Le modèle de ces auteurs a apporté une contribution importante à cet égard, qui porte sur la description du comportement des adultes comme scripteurs. Appelé « knowledge-transforming model », ce que Cornaire & Raymond (1999) traduisent comme « connaissances-transformation », il montre la démarche d’un scripteur qui est capable d’adapter ses actions cognitives à l’identification de ses difficultés et de leur correction. Il ne se conforme pas à l’information qui est dans sa mémoire à long terme autrement que pour chercher d’autres ressources susceptibles d’améliorer les résultats de sa tâche. Il cherche à travailler la forme et le contenu du plan ainsi que les interactions entre le scripteur, le lecteur et le texte, en faisant des révisions fréquentes et en organisant son travail pour obtenir une bonne réception du destinataire.

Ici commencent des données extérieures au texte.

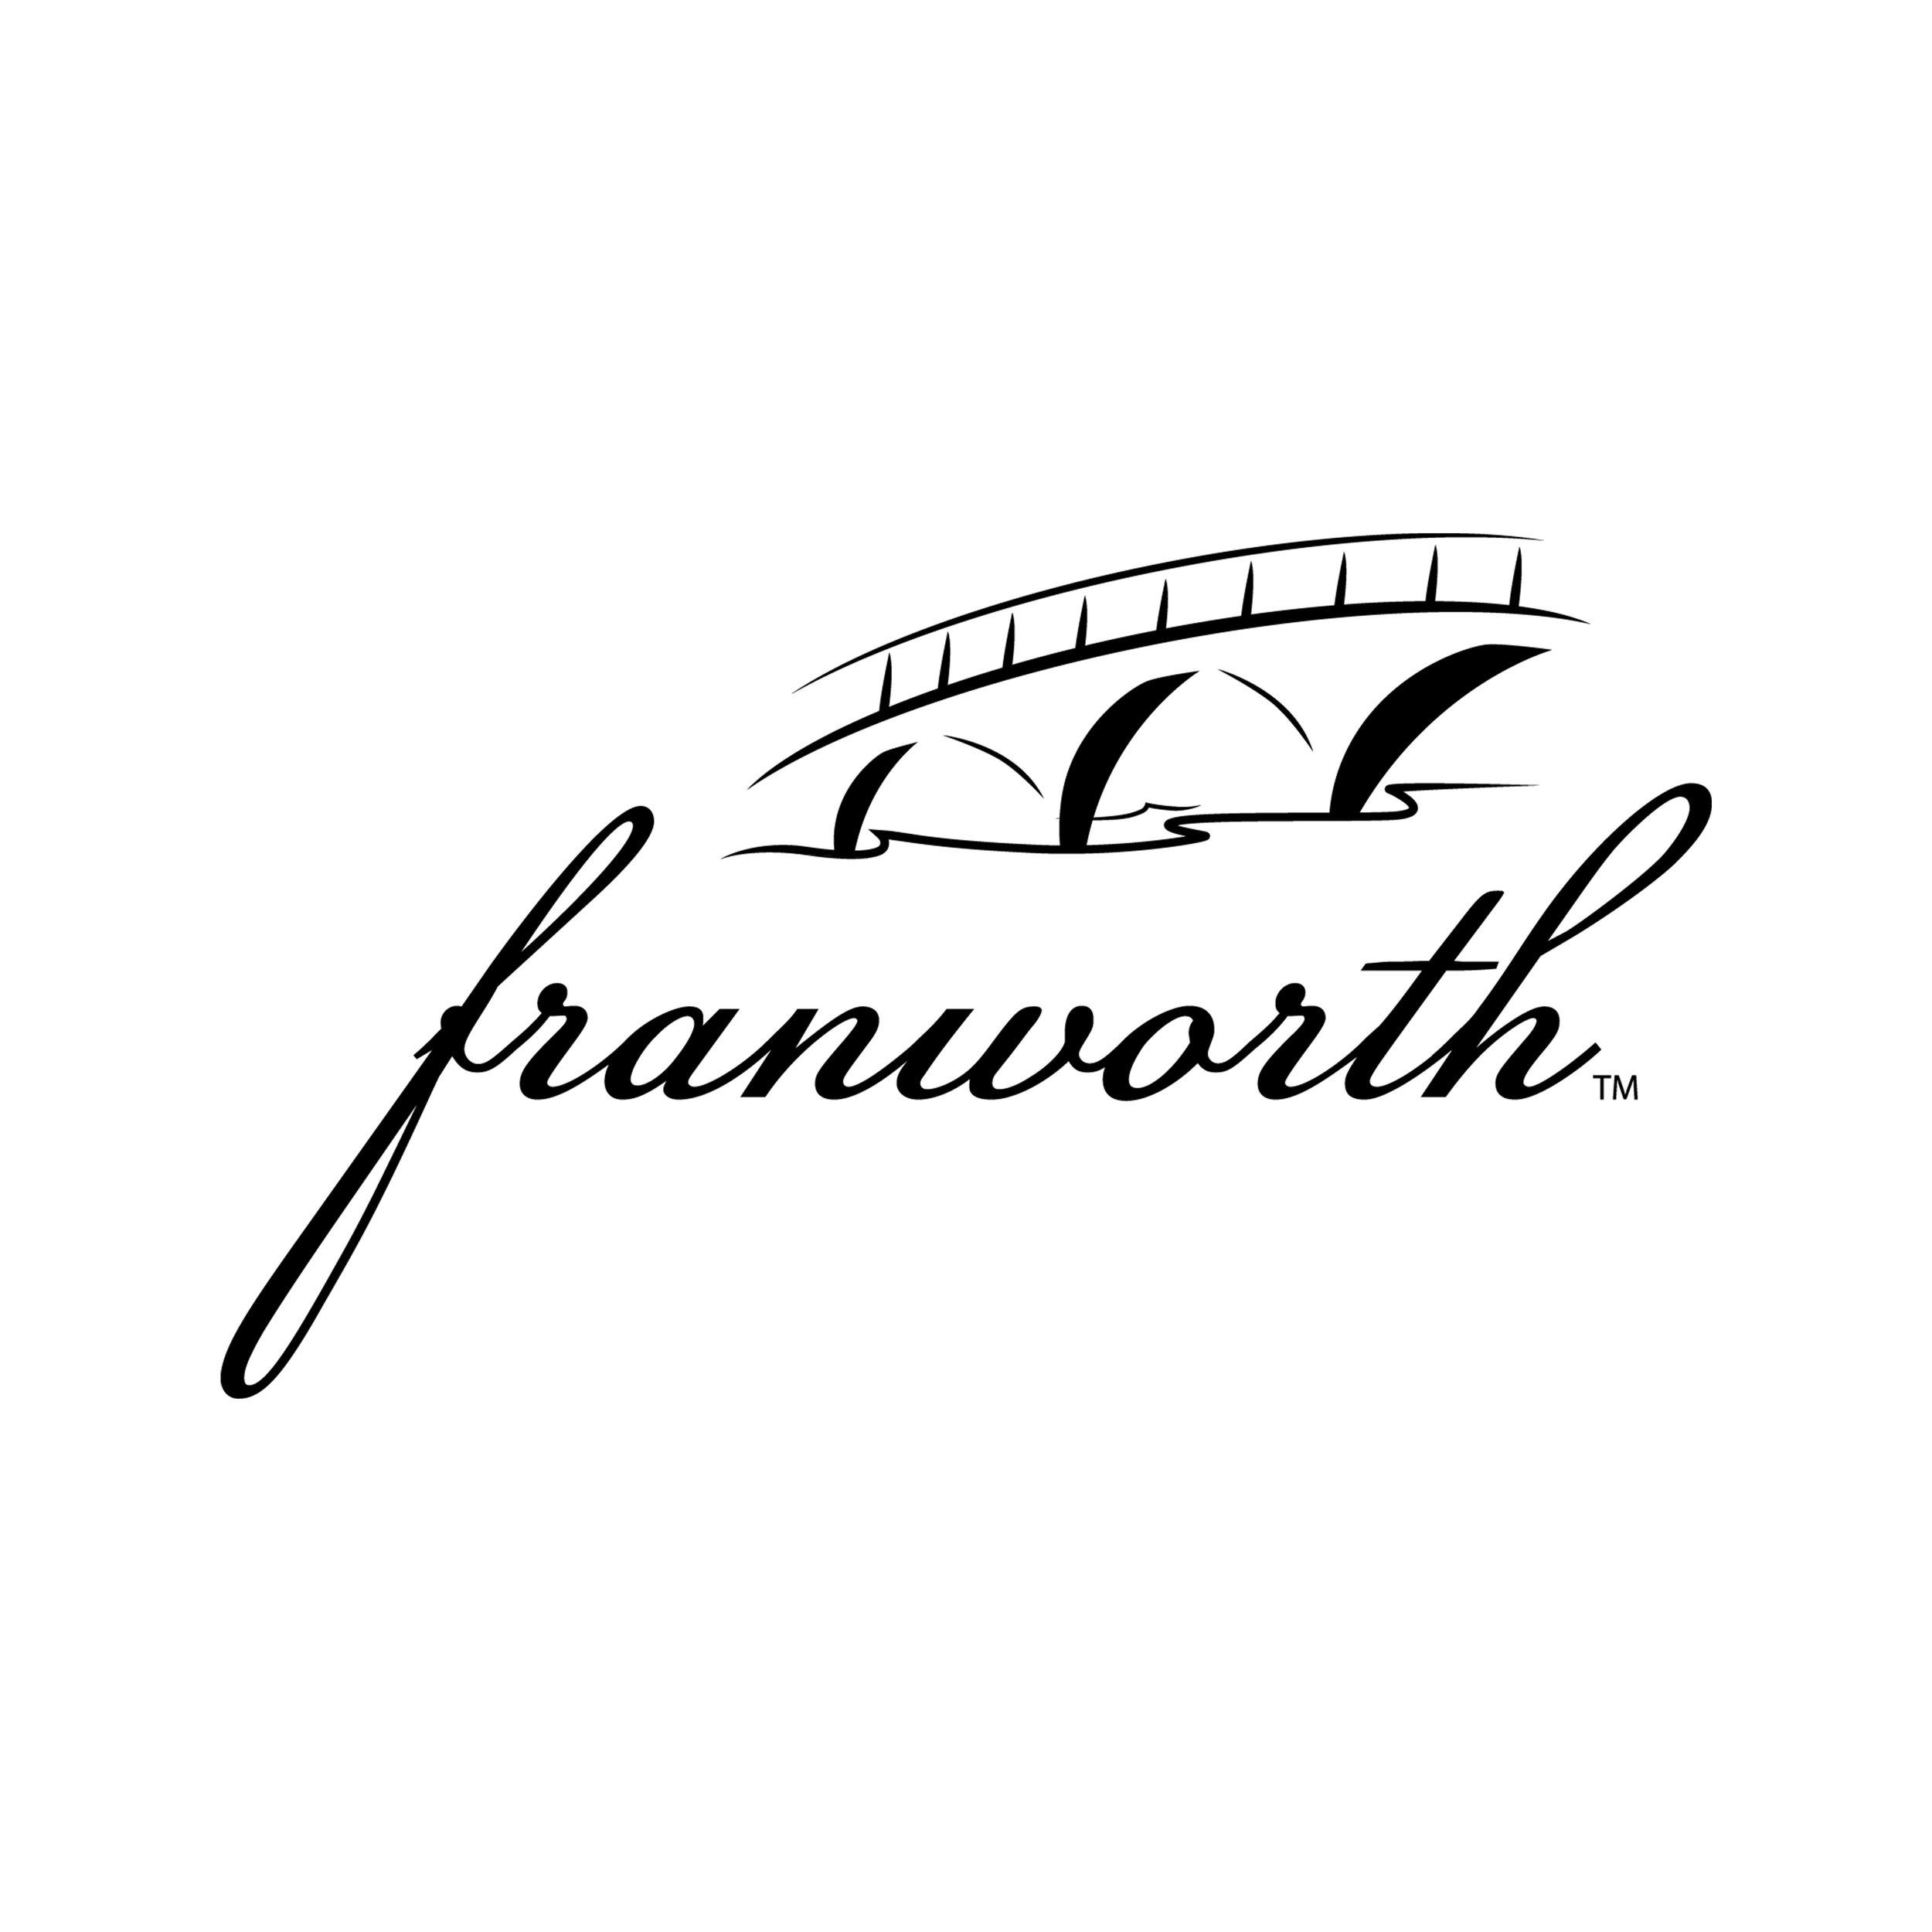 Franworth Logo.jpg

Une autre contribution importante de ce modèle est qu’il se concentre sur l’analyse du travail que réalisent les scripteurs novices et les scripteurs experts comme deux activités opposées qui se valent au niveau des différentes stratégies pour développer les travaux d’écriture. En même temps il détermine les caractéristiques des scripteurs sans expérience (les enfants) et des scripteurs qui deviennent experts (les adultes). Ce travail a contribué de manière significative à préciser le besoin du public de la recherche en raison de sa situation indéfinie entre le manque d’expérience des enfants, mais la capacité mentale des adultes.

Concernant cette situation, le modèle de Scardamalia & Bereiter (1992) affirme que le processus d’écriture ne peut pas être un modèle de processus unique, mais qu’il faut prendre en compte que différents modèles proposent différents stades de développement des compétences. Ils soutiennent que le

55 processus utilisé par un jeune étudiant et un écrivain mature ne peut pas être le même.

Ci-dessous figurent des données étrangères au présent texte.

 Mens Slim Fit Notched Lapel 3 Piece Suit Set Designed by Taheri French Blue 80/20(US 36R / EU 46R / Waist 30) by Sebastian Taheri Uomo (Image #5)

Cette même différence est contenue dans deux stratégies différentes qui permettent l’interaction du processus d’écriture: l’une consiste à l’énonciation des connaissances et l’autre à la transformation des connaissances. Selon Scardamalia & Bereiter (1992), les efforts d’éducation qu’ils se proposent d’effectuer sont fondés sur le principe que nous devons aider les étudiants à surmonter les processus de composition qui consistent à “rapporter la connaissance”5 aux processus de composition consistant à “transformer la connaissance”. Il s’agit d’un objectif pédagogique pratique et important qui va au-delà de l’enseignement de l’écriture et qui a des implications claires sur la façon dont les étudiants développent leurs connaissances.

La première stratégie proposée par Bereiter & Scardamalia réside dans le mode d’énonciation des connaissances. Elle se destine aux écrivains novices, qui génèrent l’information à partir d’une tâche (le sujet, le genre et certains termes ou éléments lexicaux de la tâche). Ils réduisent le travail de rédaction au thème et ils se concentrent sur l’écriture de ce qu’ils connaissent sur le thème. De cette manière, leurs textes reflètent l’organisation de leur pensée et l’ordre des idées qu’ils ont en mémoire, du fait qu’ils utilisent la consigne comme seule source de récupération des idées. Si l’information récupérée est appropriée au sujet, cela devient un écrit. L’un des inconvénients de ce processus est que les rédacteurs ne prennent pas en compte le lecteur cible du texte (Hayes & Flower, 1986; Bereiter & Scardamalia, 1987; Cassany, Luna & Sanz, 2007)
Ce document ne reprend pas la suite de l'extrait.